David Axelrod, Obama’s chief political adviser, and campaign manager Jim Messina highlighted in a briefing for reporters what they said was the president’s 7-percentage-point advantage over Gingrich in aggregated national polls, compared with a 2-point margin over Romney.
While declining to say who they’d rather run against, both indicated that a contentious contest between the former speaker of the House and the former Massachusetts governor that push the two candidates toward appealing to the most conservative primary voters would make the eventual Republican nominee easier to run against.
“They’re being tugged to the right every day,” David Axelrod, a campaign adviser, told reporters in at the Democratic National Committee headquarters in Washington. “They’re mortgaging themselves for the general by tacking as far as they are.”

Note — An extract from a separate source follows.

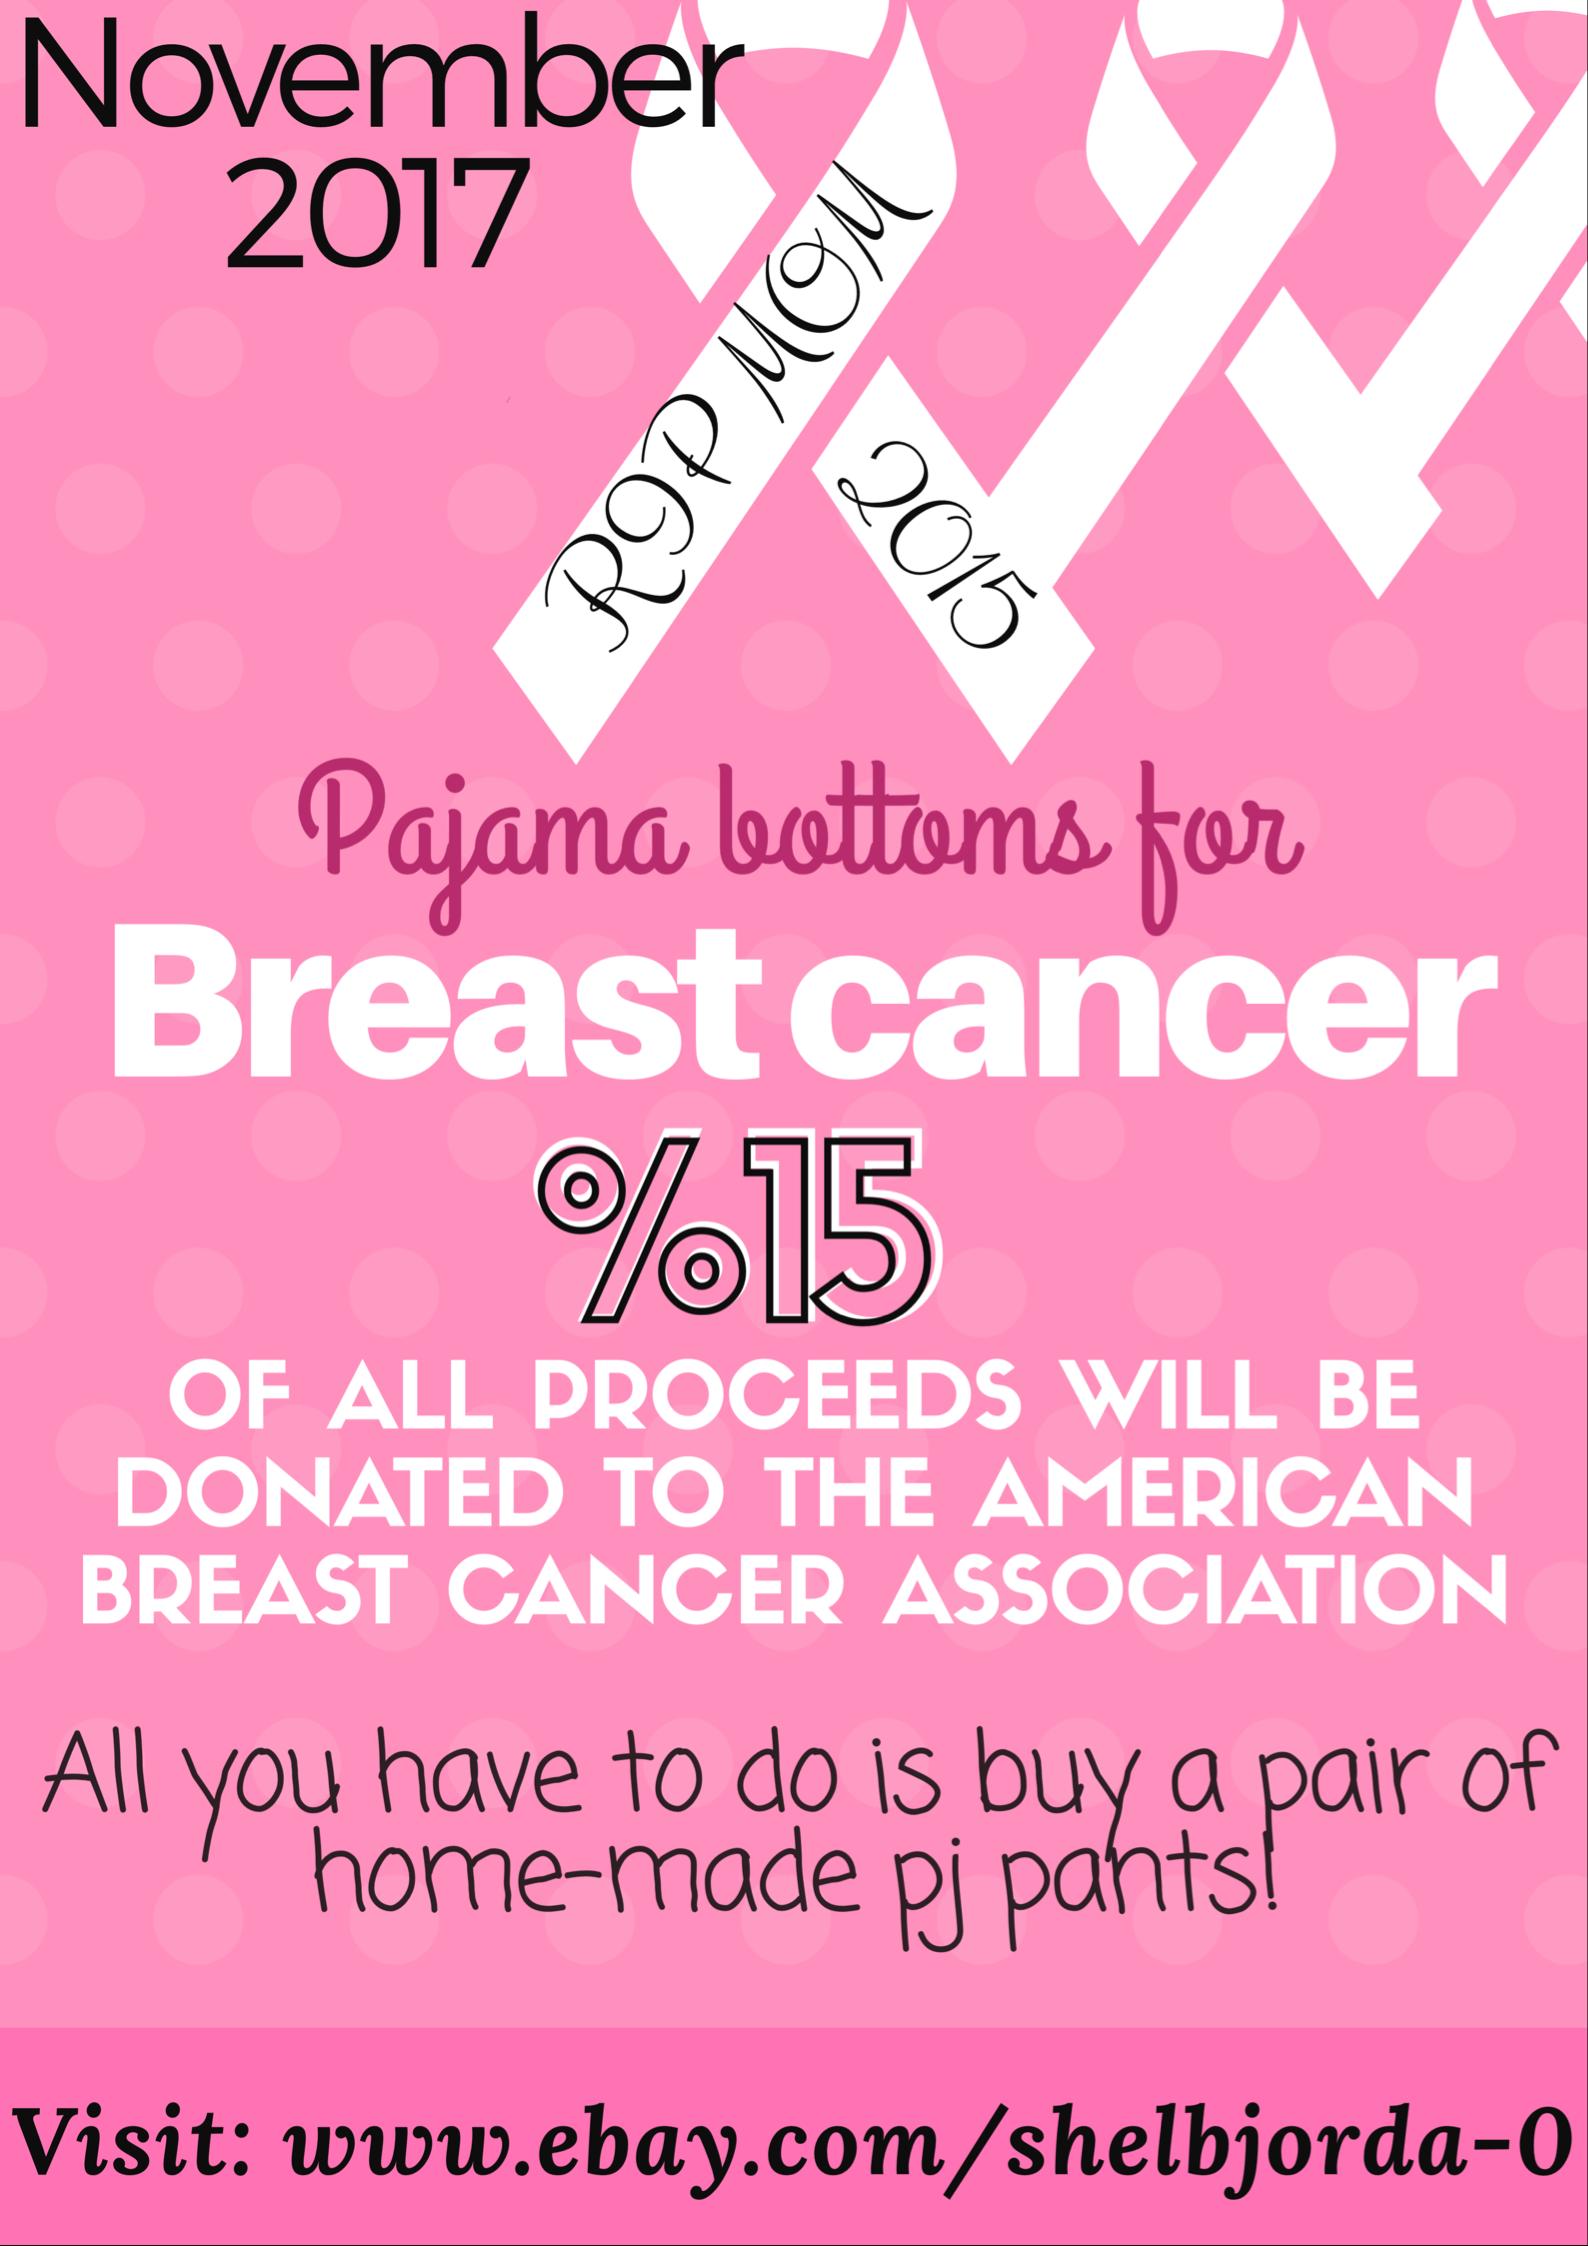 American breast cancer assoc

The 2012 election campaign will take place against the backdrop of an economy still struggling to emerge from the worst recession in seven decades. While employers added 120,000 jobs to their payrolls last month and unemployment fell to 8.6 percent, the jobless rate will average 8.7 percent in 2012, according to the median forecast by economists surveyed by Bloomberg News from Dec. 2-8. Obama’s approval rating in Gallup’s daily tracking poll has been hovering at about 45 percent since late May.
No ‘Slam Dunk’
In an address to fundraisers today in Washington, Obama said he will have to “fight” to win re-election.

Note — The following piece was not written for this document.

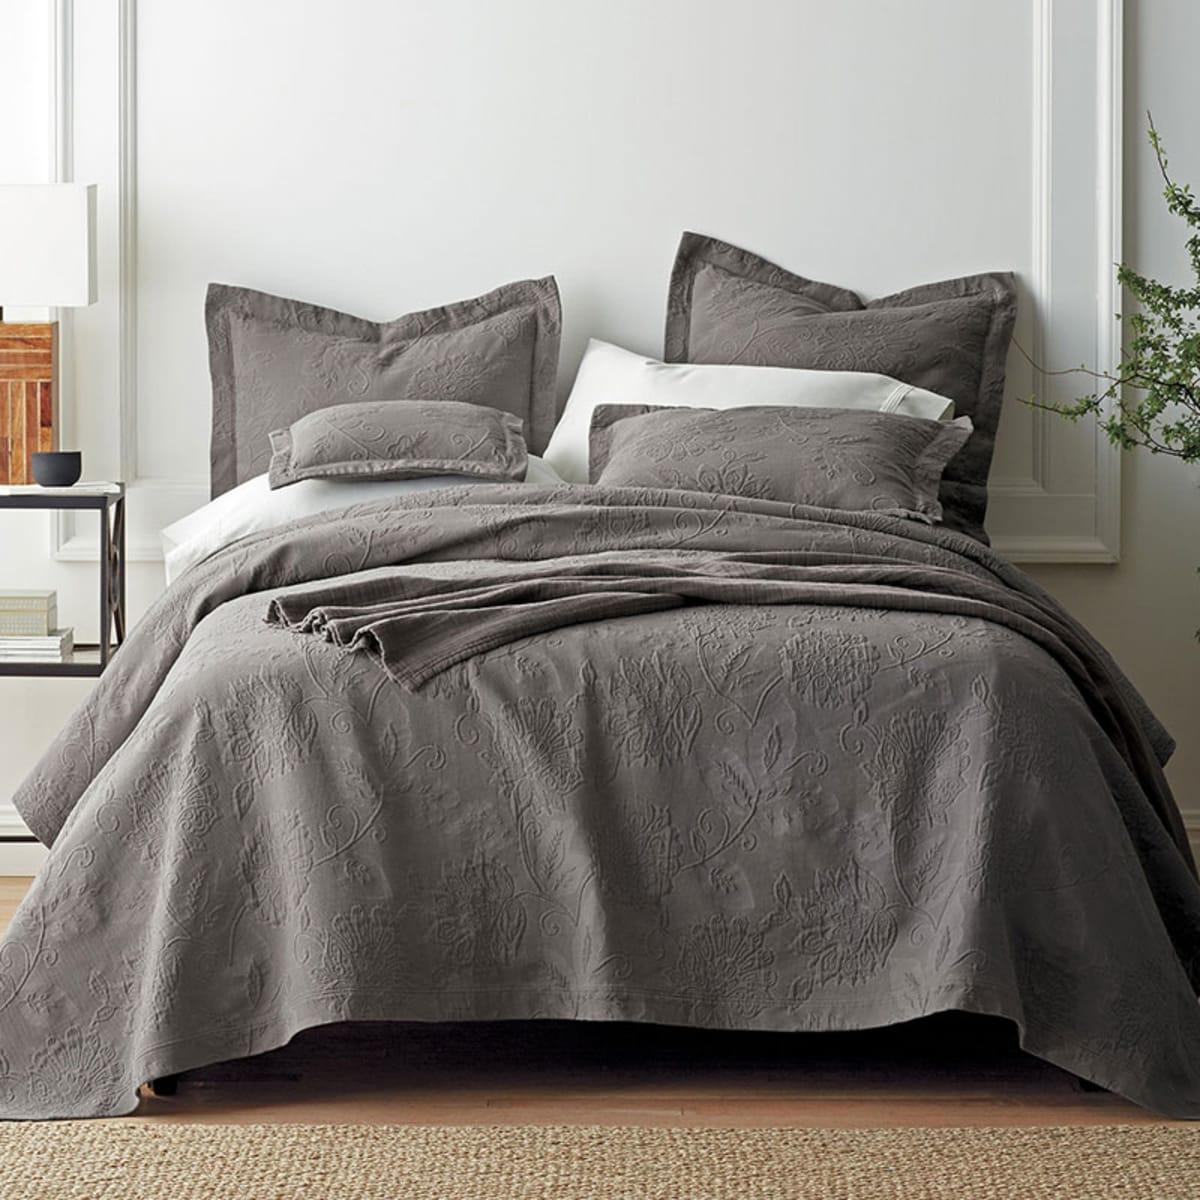 Putnam Cotton Matelasse Bedspread

“It’s not a slam dunk,” Obama said.
Axelrod argued that voters will take into account the magnitude and origins of the recession and Obama’s latest proposals to spur economic growth. “This is not an ordinary year and you can’t apply ordinary models,” he said.

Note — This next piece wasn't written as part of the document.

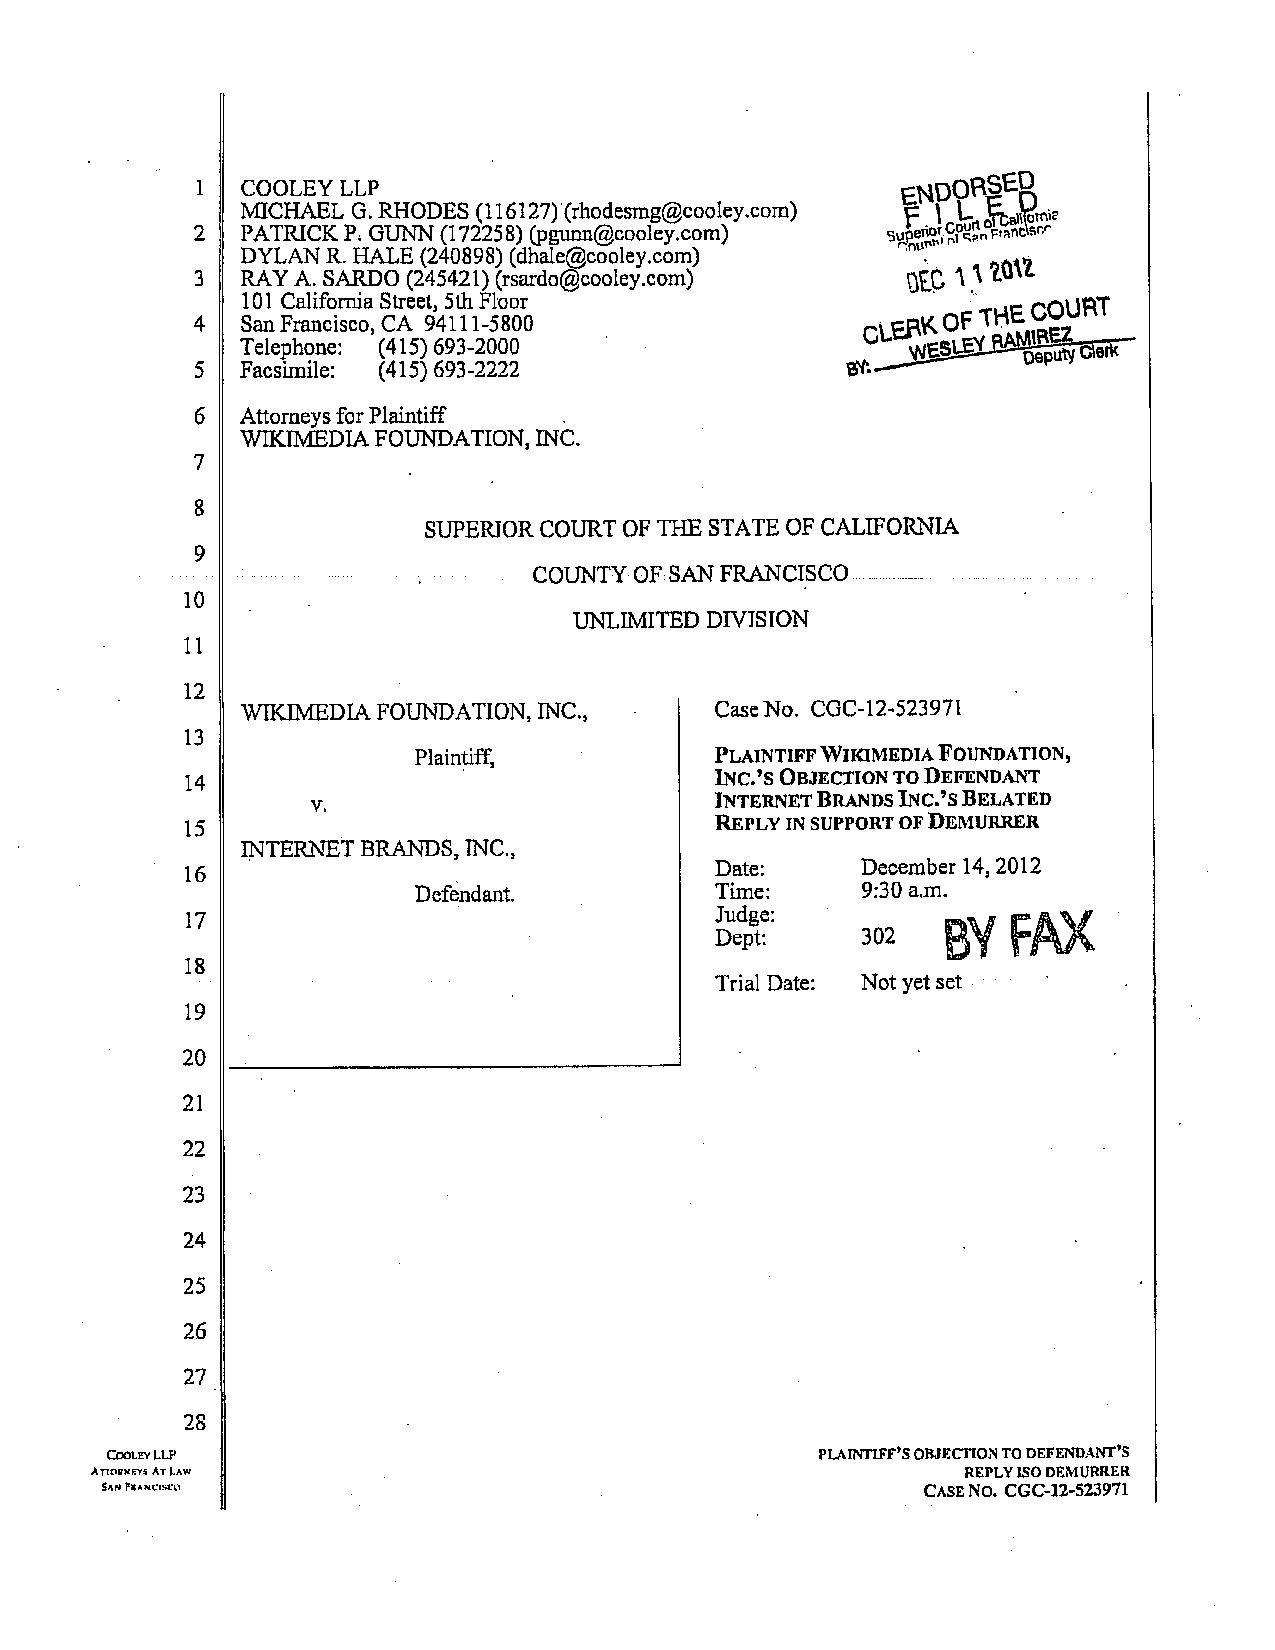 Objection To Defendant S Expert Designation

Neither Axelrod nor Messina would predict whether Gingrich or Romney would emerge at the Republican presidential nominee. They cited the many lead changes in the early campaign as other candidates, such as Texas Governor Rick Perry and businessman Herman Cain, have risen to front-runner status only to drop as they made stumbles while campaigning or in debates.
“Whether it’s Romney or Gingrich or if someone else were to surprise us again, the debate is going to be largely the same because the economic theory on their side is largely the same,” Axelrod said.